— ASSIGNED TASK —
Leave out any pictures and transcribe all other data below exactly.
*** DATA PROVIDED ***
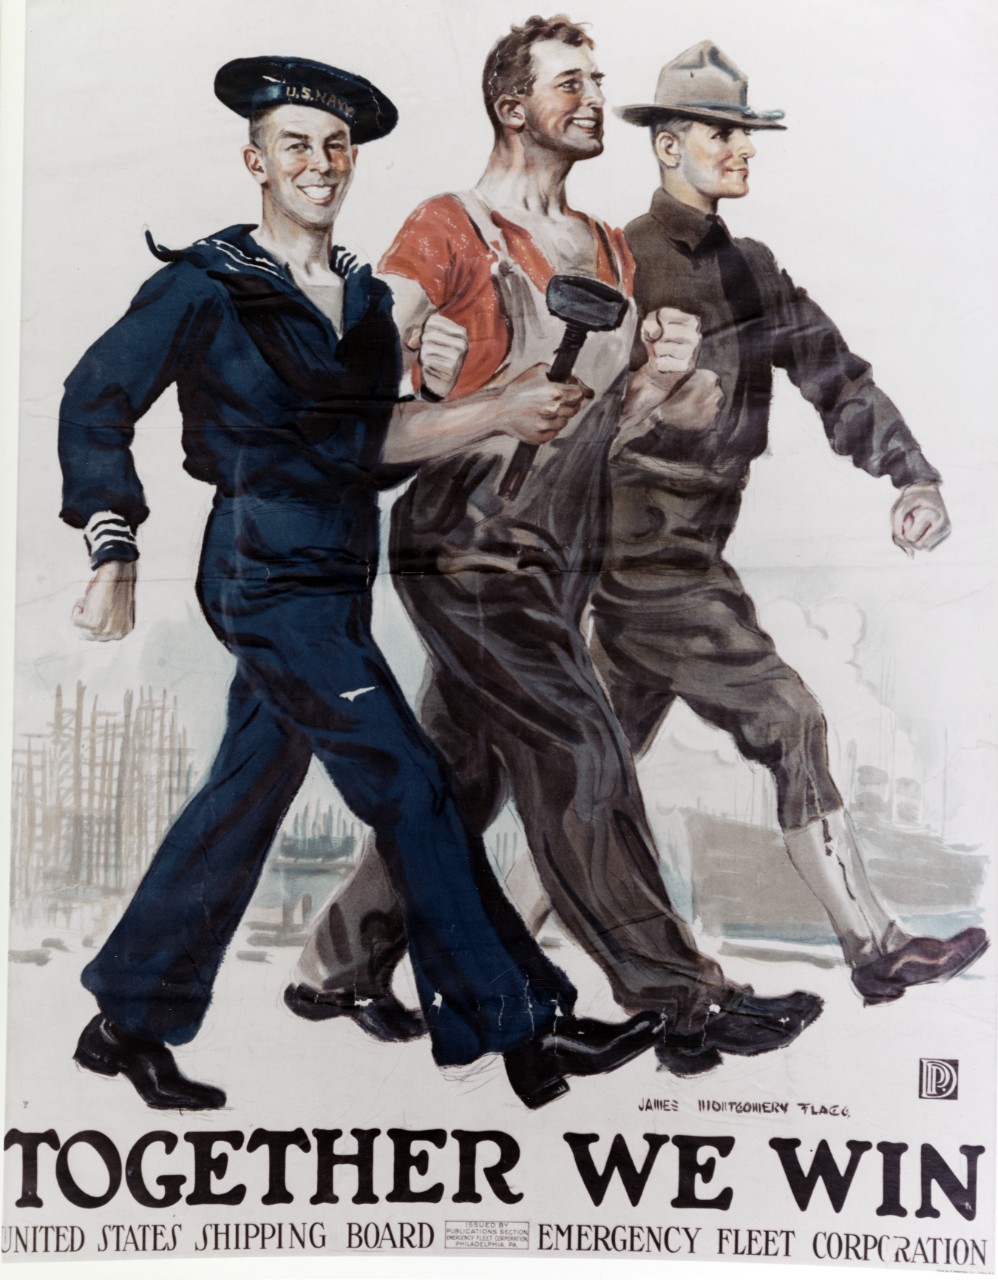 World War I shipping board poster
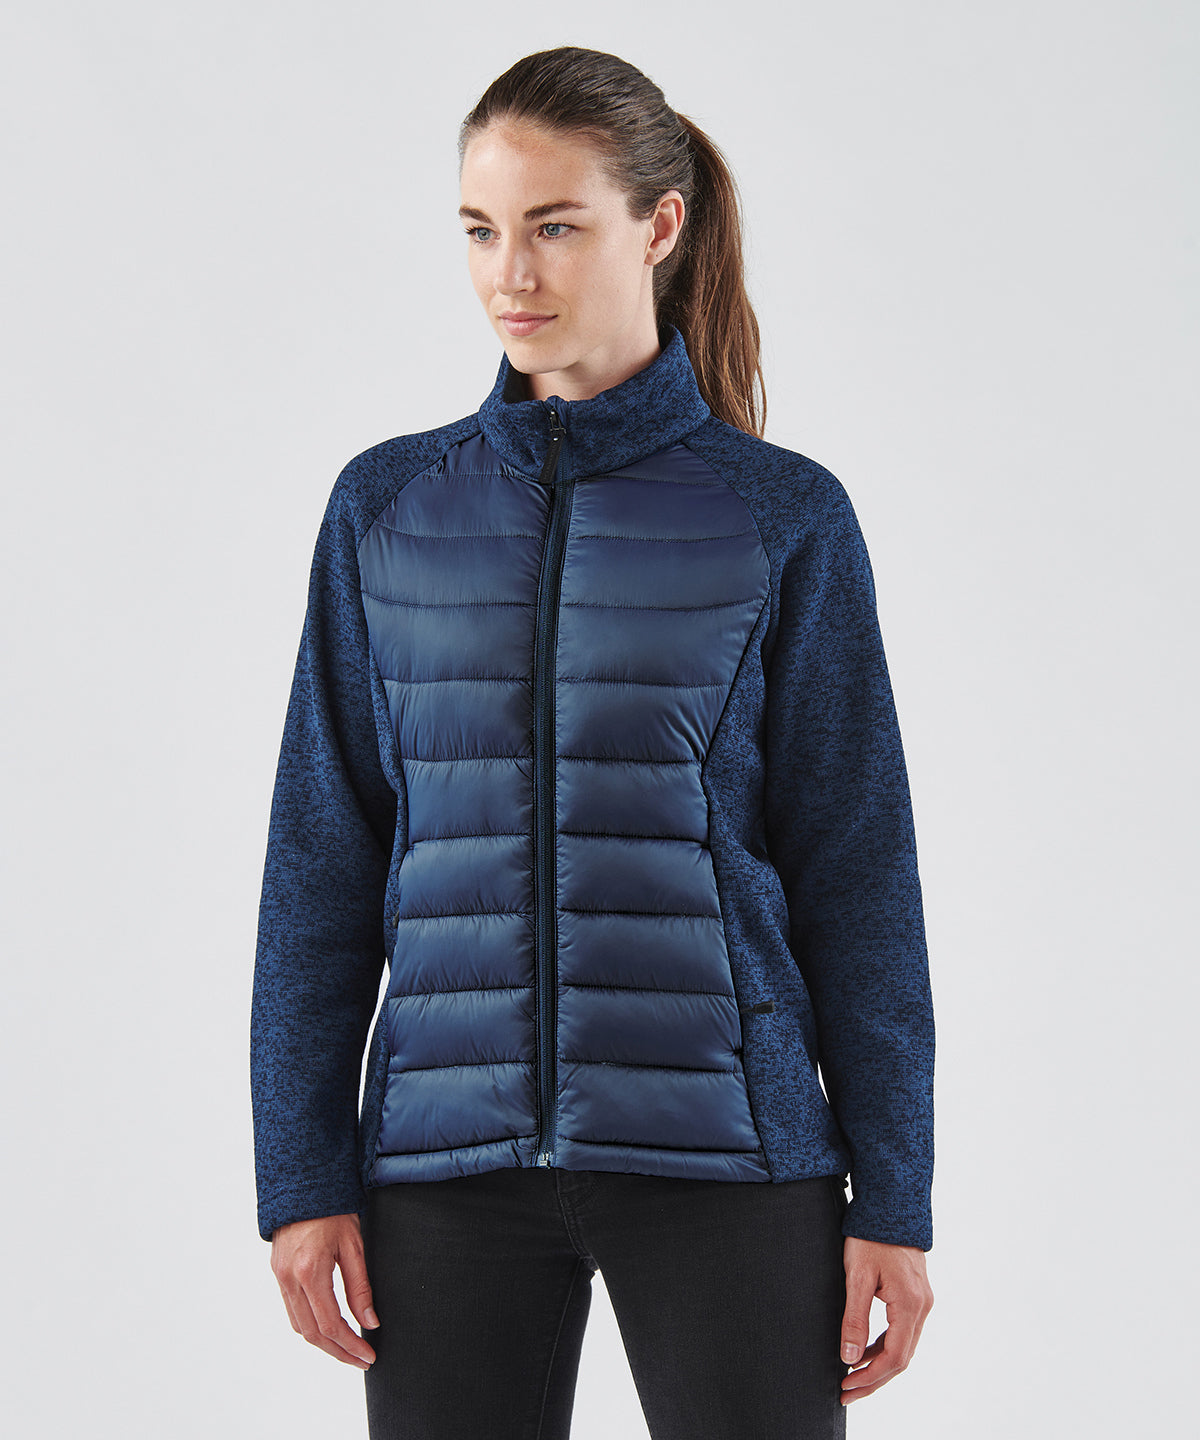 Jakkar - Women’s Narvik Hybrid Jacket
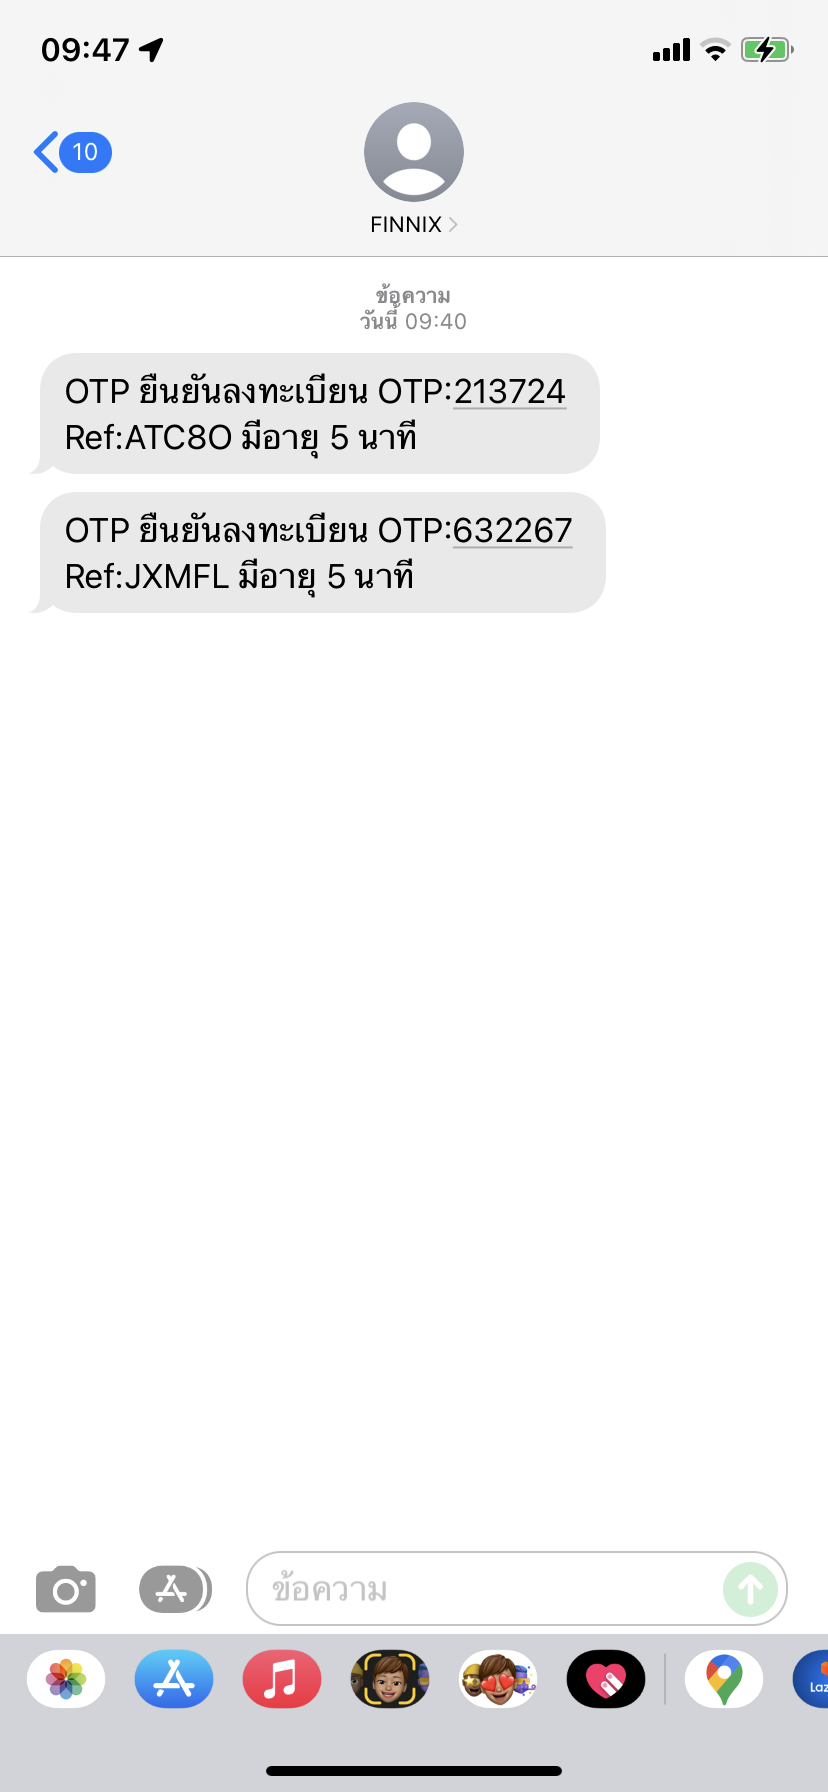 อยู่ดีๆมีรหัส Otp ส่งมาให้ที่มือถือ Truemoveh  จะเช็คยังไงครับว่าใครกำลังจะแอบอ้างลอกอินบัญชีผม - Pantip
*** End of DATA PROVIDED ***
— RESPONSE TO THIS TASK —
 World War I shipping board poster
 Jakkar - Women’s Narvik Hybrid Jacket
 อยู่ดีๆมีรหัส Otp ส่งมาให้ที่มือถือ Truemoveh  จะเช็คยังไงครับว่าใครกำลังจะแอบอ้างลอกอินบัญชีผม - Pantip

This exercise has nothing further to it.